The district court resolved this conflict in the statutes by reliance on the regulation, the language of which the judge described as “strong and precise.” We must disagree with this approach in the circumstances of this case. As we shall explain, one of the statutes in conflict pre-dates the regulation, while the other two were enacted after it. Therefore, the Oklahoma Insurance Department, in enacting the regulation, could not have been attempting to unravel the statutory puzzle that we address here. “An agency's authority to make rules under statutory authority is limited to the authority granted by those statutes, and such rules may not be contrary to those statutes.” Heiman v. Atl. Richfield Co., 891 P.2d 1252, 1256 n. 2 (Okla.1995). The language of the regulation cannot logically be used to resolve a conflict between statutes when the regulation was promulgated before some of the statutes in conflict. Consequently, we must interpret the statutes employing the relevant principles in order to predict the result that the Oklahoma Supreme Court would reach. See Boehme v. U.S. Postal Serv., 343 F.3d 1260, 1264 (10th Cir.2003).

“[T]he primary goal of statutory interpretation is to ascertain and follow the Legislature's intention.” Duncan v. Oklahoma Dept. of Corr., 95 P.3d 1076, 1079 (Okla.2004).

It is also the settled rule when a court is construing seemingly conflicting statutes that a specific statute controls over one of more general applicability and the most recent enactment controls over an earlier one. It is further understood that only when two statutory provisions irreconcilably conflict will an implied repeal of the earlier or more general provision be found. Finally, the more recent and specific statute will be determined to modify or supercede an earlier, more general statute only to the extent necessary to avoid the irreconcilable conflict or inconsistency.

Id. (internal citations omitted).

These principles of statutory construction guide our task here. We address the inconsistencies in the statutes only to the extent necessary to resolve them in the context of this particular dispute.
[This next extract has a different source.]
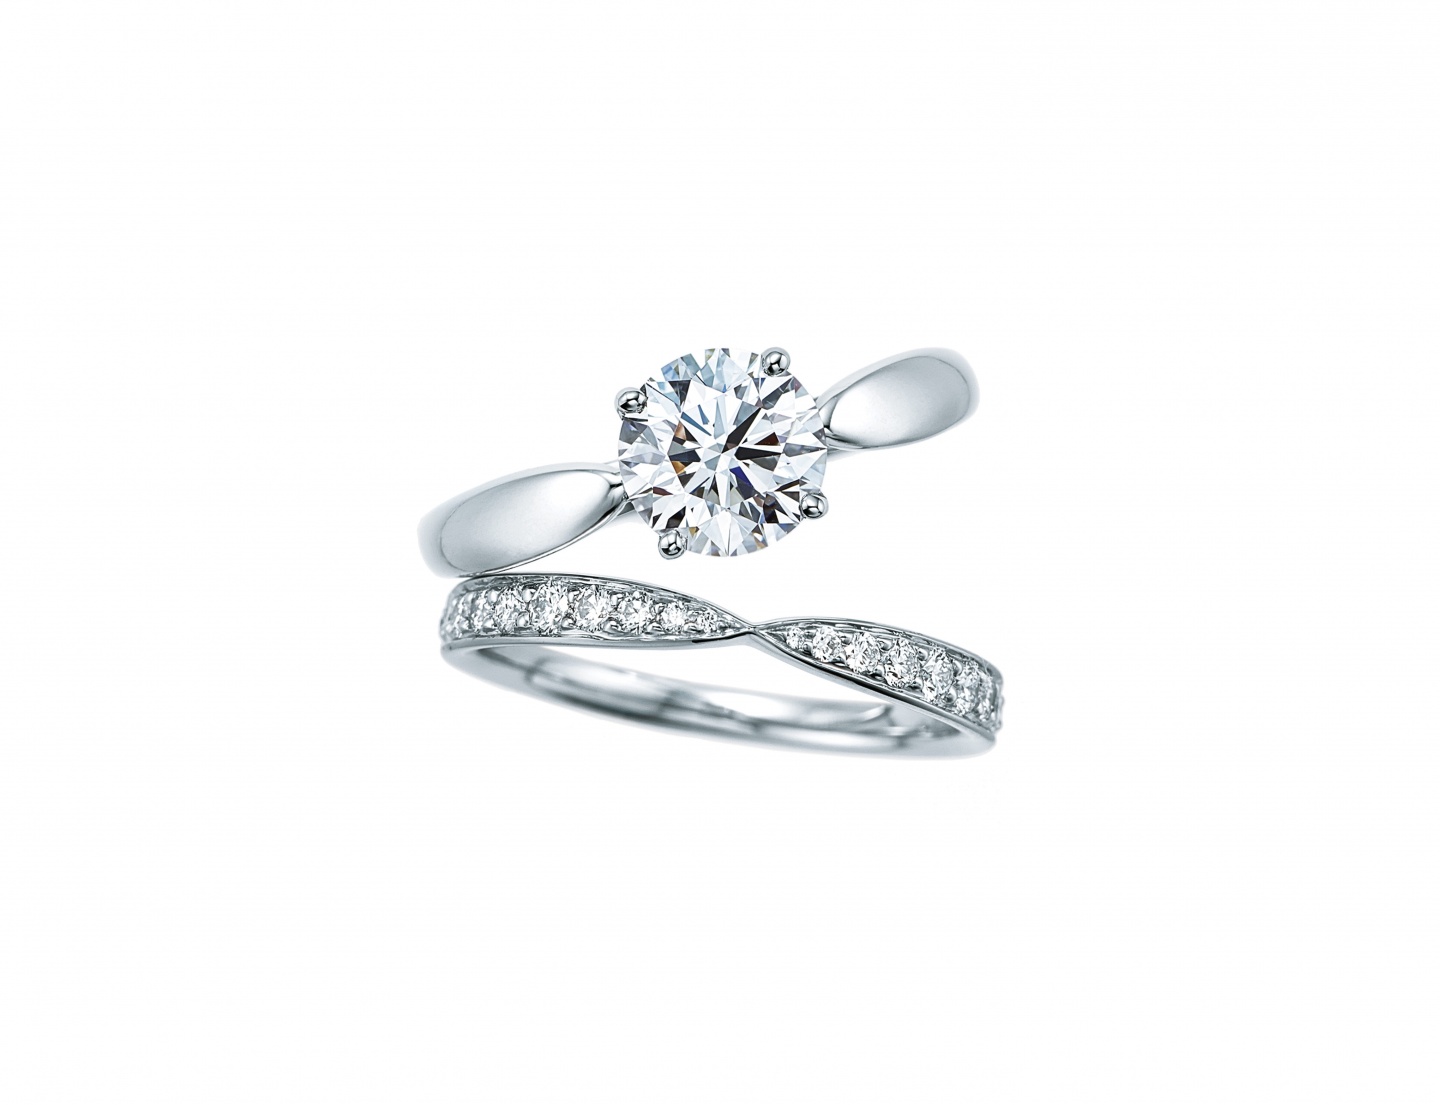 Tiffany 婚約指輪 結婚指輪

The Oldenkamps' argument that a limited benefit policy is a type of health insurance-and so subject to the regulation-is based on statutory language that appears to have been unchanged since 1979, when subsection B was added to 36 Okla. Stat. § 3611 (to be effective on January 1, 1982). As previously noted, that subsection directed the Oklahoma Insurance Department to adopt rules and regulations, and the regulation prohibiting exclusions for congenital anomalies of dependent children was promulgated in response to that directive (also with an effective date of January 1, 1982).
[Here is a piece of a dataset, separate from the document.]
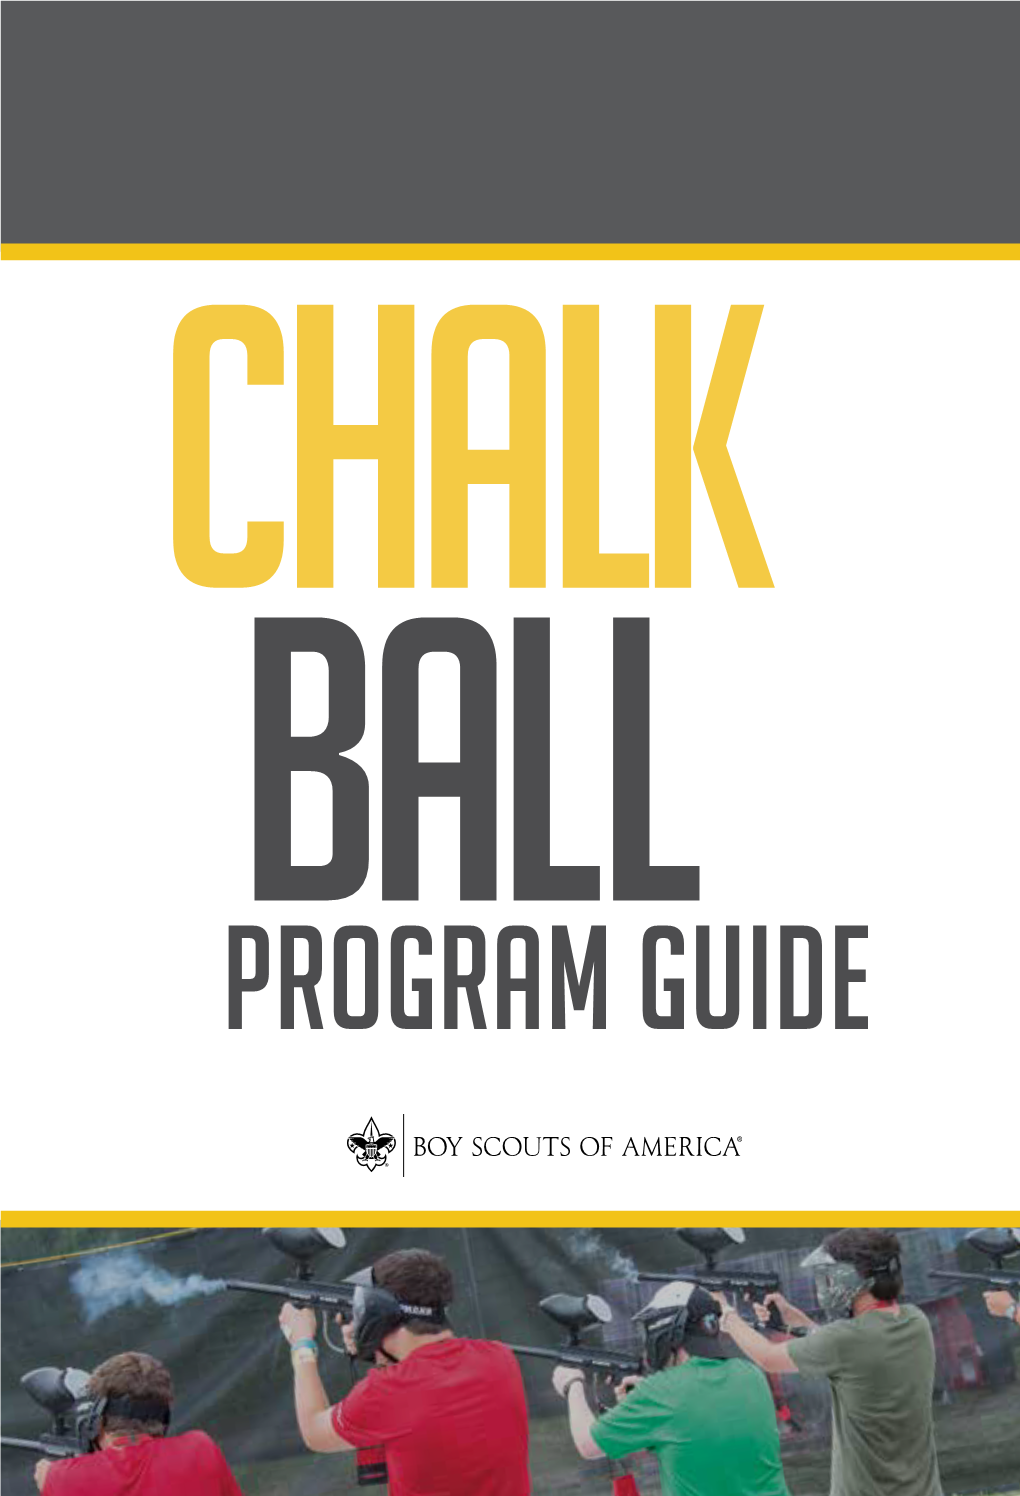 Program Guide Chalk Ball Program Guide

United's argument relies on statutes that are of more recent vintage and are more specific with regard to limited benefit policies. The Oklahoma legislature did not define “limited benefit insurance” until it passed 36 Okla. Stat. § 4403.1(A) in 1996 and, in doing so, it specifically excluded limited benefit insurance from the definition of “accident and health insurance” in 36 Okla. Stat. § 4403.1 Where the regulation forbids excluding or limiting coverage for congenital anomalies of dependent children, section 4403.1(A)(2) specifically provides that a policy of limited benefit insurance may include a waiting period for coverage. This is a direct conflict with the regulation because the waiting period clearly does limit coverage for the congenital defect at issue here, as the language of the policy makes plain:

This policy does not insure You against loss incurred during the twelve (12) months immediately after the effective date of this policy if that loss results from a Pre-Existing Condition. In addition, any Pre-Existing condition listed on the application is not covered for the first twelve (12) months after the policy effective date.

I Jnt.App. 142.

The regulation, as applied by the district court in this context, is contrary to the more recent statutes. It therefore may not be applied here to invalidate the policy provision that is specifically authorized by statute.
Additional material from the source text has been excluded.